**WORK TASK**
From the records below, copy out exactly the lines from the one containing "BKÁE Szociológia és" to the one containing "在女性上臂上制作花纹刺青的方法特写 选择性聚焦图库摄影片 图片包括有特写", both included. Add nothing else.

**THE RECORDS**
· · · · · · ·

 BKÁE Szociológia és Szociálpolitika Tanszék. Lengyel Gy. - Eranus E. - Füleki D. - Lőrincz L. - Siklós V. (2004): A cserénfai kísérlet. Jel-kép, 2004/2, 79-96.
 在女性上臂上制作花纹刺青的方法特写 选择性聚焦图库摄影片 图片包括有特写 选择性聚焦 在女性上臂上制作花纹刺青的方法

· · · · · · ·

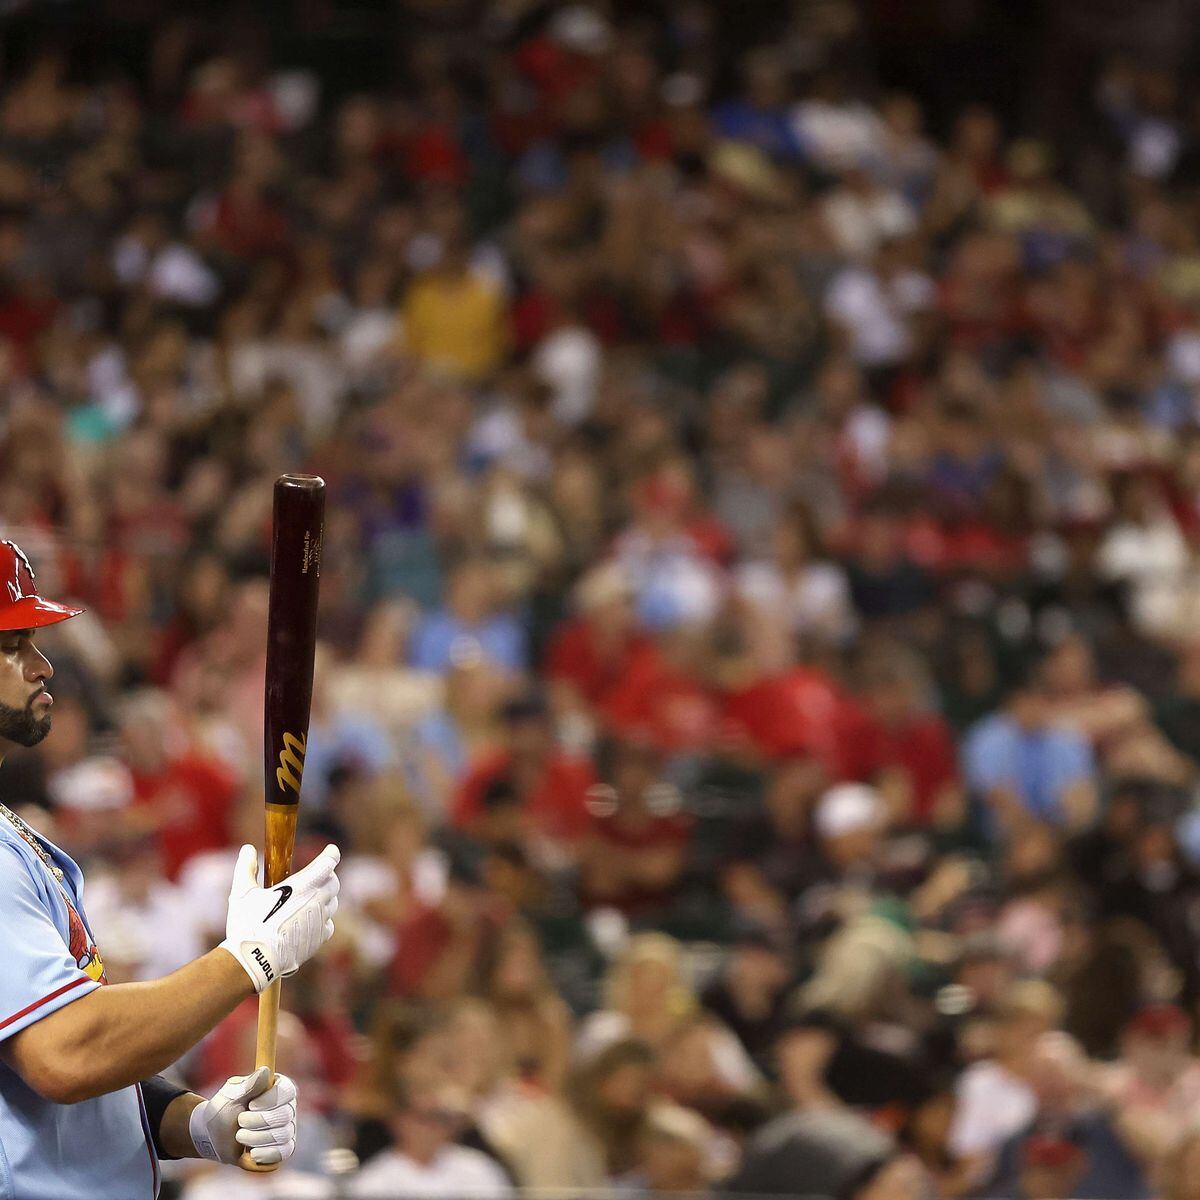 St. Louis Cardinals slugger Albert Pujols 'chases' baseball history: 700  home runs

· · · · · · ·

**SOLUTION TO THIS TASK**
 BKÁE Szociológia és Szociálpolitika Tanszék. Lengyel Gy. - Eranus E. - Füleki D. - Lőrincz L. - Siklós V. (2004): A cserénfai kísérlet. Jel-kép, 2004/2, 79-96.
 在女性上臂上制作花纹刺青的方法特写 选择性聚焦图库摄影片 图片包括有特写 选择性聚焦 在女性上臂上制作花纹刺青的方法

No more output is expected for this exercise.